Un caffè “On the road” con Jack Kerouac

Non vedo dove prendere un caffè con Kerouac se non in saloon dove una strada polverosa ne incrocia un’altra cavalcata da giganteschi camion, non lontano da una desolata stazione ferroviaria. E se dio vuole sul bancone ci sono ancora due fette di torta di mele su cui ci facciamo mettere un bel po’ di gelato cremoso.

A quest’ora non abbiamo ancora bevuto niente di troppo forte e gli strappo un ricordo, una visione direbbe lui.
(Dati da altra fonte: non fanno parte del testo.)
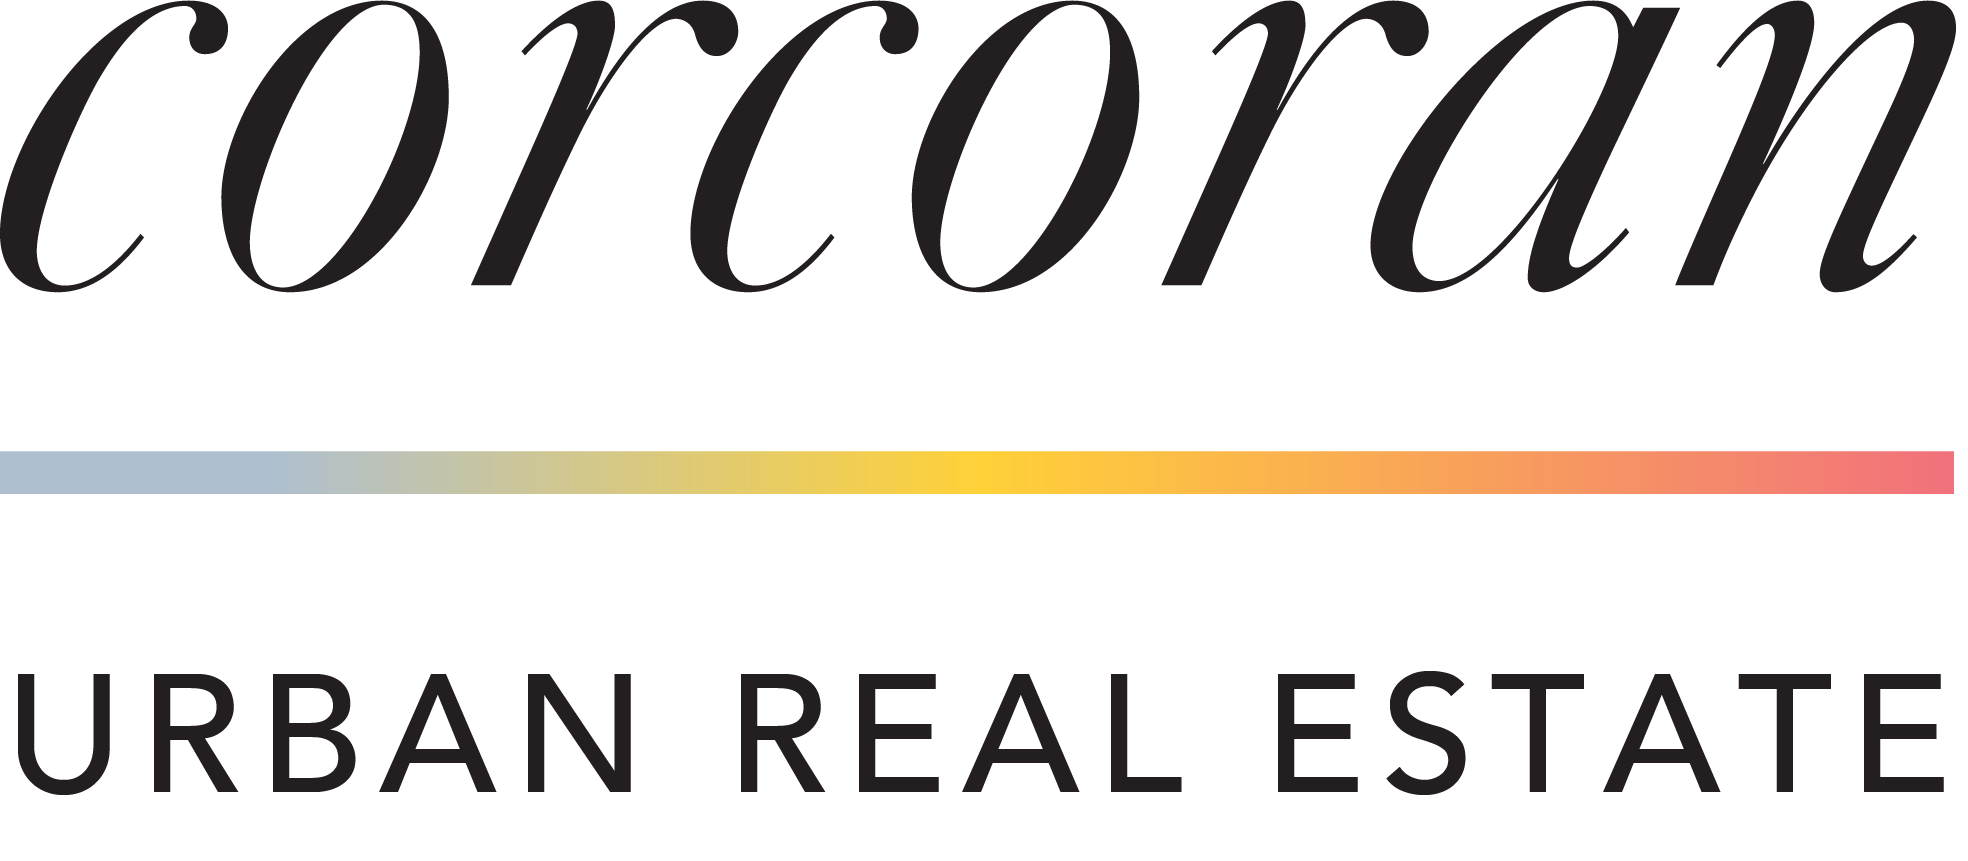 Corcoran Urban Real Estate logo

“Durante la depressione” mi disse il cowboy “saltavo su vagoni merci almeno una volta al mese. A quei tempi c’erano centinaia di uomini che viaggiavano su vagoni aperti o chiusi, e non solo vagabondi, uomini di tutti i tipi, disoccupati che si spostavano in continuazione, certe volte senza nemmeno una meta precisa. Era così in tutto il West. A quei tempi i frenatori facevano finta di niente. Oggi non so. Non so cosa farmene io, del Nebraska. Sai, negli anni 30 questo posto era solo una gran nuvola di polvere a perdita d’occhio. Non si riusciva respirare. La terra era nera. Ero qui, a quei tempi. Possono anche restituirlo agli indiani, il Nebraska, per quel che me ne importa. Lo odio più di ogni altro al mondo, questo posto maledetto. Adesso sto nel Montana, a Missoula. Devi venir su una volta, vedrai che paradiso.”